Rin plucked the book from Adina's shaking fingers. “Adina, honey, you're our family too. I need to go write this note now, and then we need to leave as soon as everyone has eaten. Stay with one of us, okay? I don't want you to be alone right now.” She grunted at Ragan, who was busy trying to calm a pair of frightened young Uldru. “Daelis, Ragan, come with me. Help me figure out what we need to say to him.”
“I'll stay with her,” Hael said. She glanced down at the book. If that was what brought the warlocks here, she wanted to be away from it as soon as possible. She squeezed Adina's hand and braced herself as the elf leaned against her. “I'm too tired to stand up for many more breaths. I haven't done magic that big since I killed the hive. Let's go to my wagon to sit, and you can cry on me. Okay?”

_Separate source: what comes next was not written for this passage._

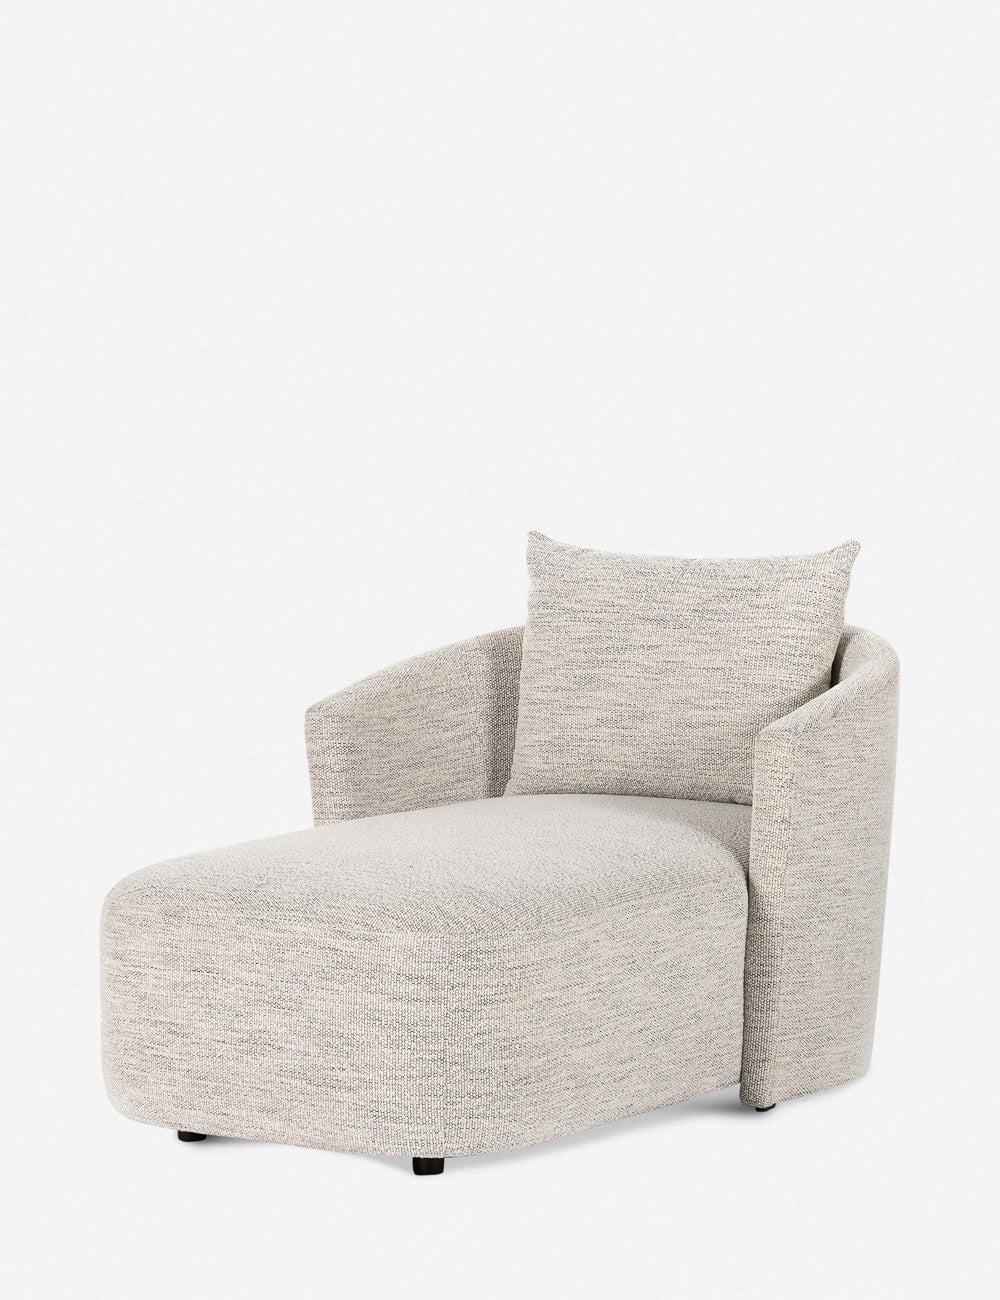 Merino Cotton White Contemporary Swivel Chaise Lounge

/> “Aren't you tired of me crying on you?” Adina asked, her voice hoarse.
“No. I will always be willing to hold you through your pain. Come. Let's sit before my legs figure out how tired they are.” Hael put her arm around Adina, then set her hand on Juna's shoulder. “Juna, rest. You saved everyone here today, too. I hope they know that.” She looked toward wide-eyed Min, and then let her gaze sweep across the gathering of Uldru now circling them. “Did you all see the magic?”
Nods accompanied a chorus of yeses.
Min smiled, her uneven teeth glittering in the firelight. Her mate held her hand. “Hael and Juna saved us all from the masked creatures and attacking dragons.”
Hael reached for Juna's hand and pulled him to his feet. “Juna, your strength of magic equals mine. These people are not my people. They are our people. We are nearly to our home, and you and I will guide them there together. Go rest with your family now. We will leave this place shortly.”
The crowd parted to let Hael and Adina through. They climbed into the wagon and went to the back, where Hael had sectioned off a spot for herself. She arranged her blankets and pillow, then laid down and held out her arm so Adina could lie with her.
“I shouldn't have left her out there alone,” Adina sobbed.
Hael smoothed her hair and kissed her brow. “She's not alone. My people are with her. Uldru have death rituals, and nothing needs to be spoken to begin them. They were picking flowers for her when we came in here, to make her pretty so you remember her as pretty when you say goodbye. Underground it would have been fungus blooms. Here, there are flowers, and that is better. Let your tears come. They're important.” Hael inhaled deeply. The jasmine scent of Adina's hair was already fading.
“It is an honor to be allowed to cry with you,” Adina whispered. She wrapped her arms around Hael and wept.
THERE WAS WATER HERE, more water than Hael had ever seen. And behind that circle of sheltered water, more water glittered in the moonlight. Streams trickled down the slopes to wind into a thick forest. It was quiet here at the end of the mountain pass, quiet and still aside from the noises of night birds and the settling trees.